Scientists including one of Indian-origin have created fabrics and fashion accessories that can store data—from security codes to identification tags—without needing any on-board electronics or sensors.The data can be read using an instrument embedded in existing smartphones to enable navigation apps, according to a paper presented at the Association for Computing Machinery’s User Interface Software and Technology Symposium (UIST 2017) in Quebec, Canada.

“This is a completely electronic-free design, which means you can iron the smart fabric or put it in the washer and dryer,” said senior author Shyam Gollakota, Associate Professor at the University of Washington.

“You can think of the fabric as a hard disk—you’re actually doing this data storage on the clothes you’re wearing,” Gollakota said.
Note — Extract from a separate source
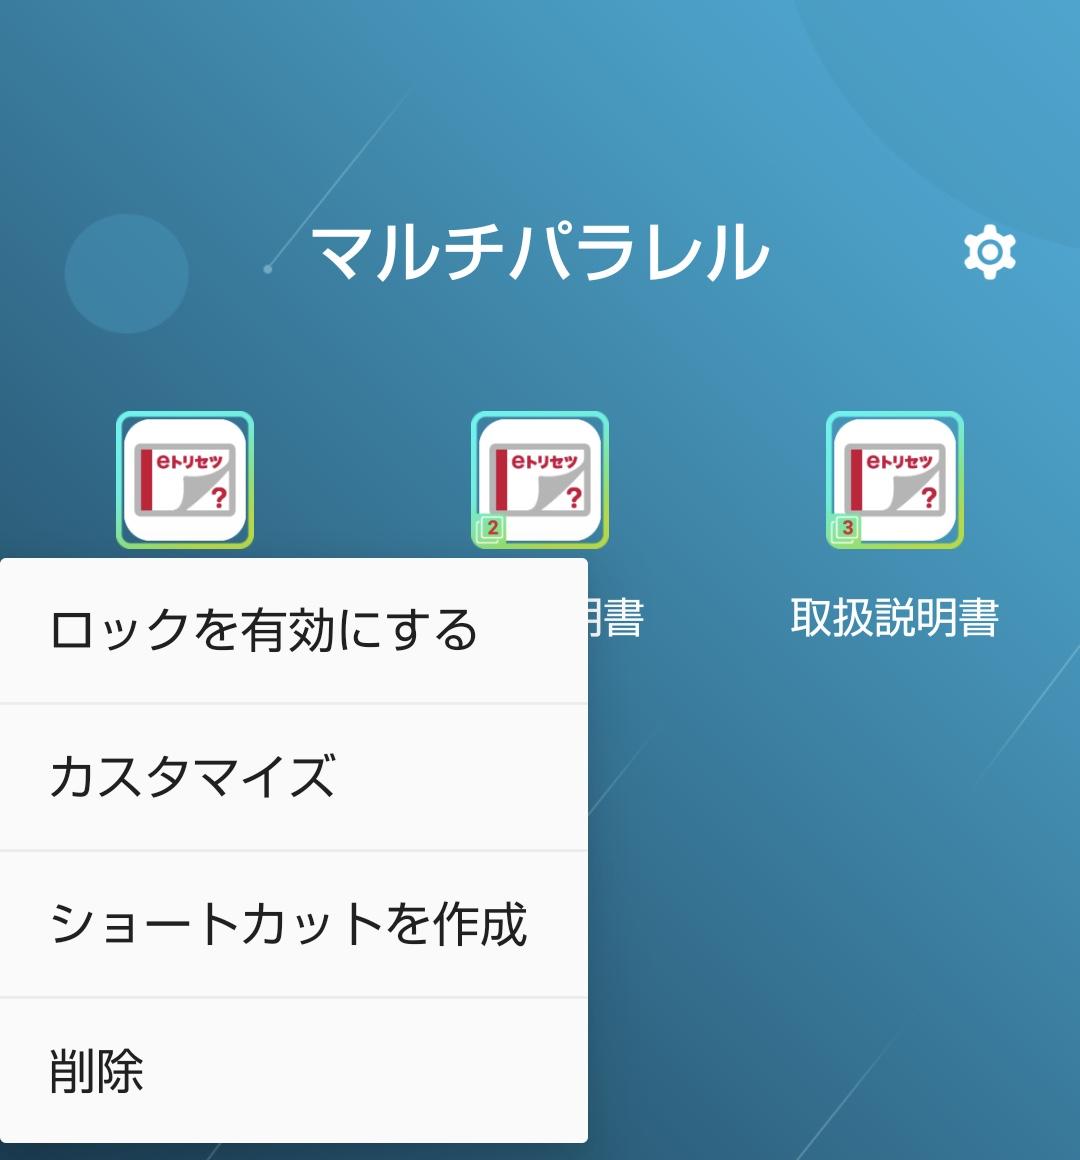 f:id:koiwai_chinatsu:20191225143722j:plain

To create the smart fabric, the researchers leveraged magnetic properties of off-the-shelf conductive thread.

Most people today combine conductive thread—embroidery thread that can carry an electrical current—with other types of electronics to create outfits, stuffed animals or accessories that light up or communicate.

But the researchers realised that this off-the-shelf conductive thread also has magnetic properties that can be manipulated to store either digital data or visual information like letters or numbers.

This data can be read by a magnetometer, an inexpensive instrument that measures the direction and strength of magnetic fields and is embedded in most smartphones.

“We are using something that already exists on a smartphone and uses almost no power, so the cost of reading this type of data is negligible,” Gollakota said.

In one example, they stored the passcode to an electronic door lock on a patch of conductive fabric sewn to a shirt cuff.

They unlocked the door by waving the cuff in front of an array of magnetometers.

The researchers said they also created fashion accessories like a tie, belt, necklace and wristband and decoded the data by swiping a smartphone across them.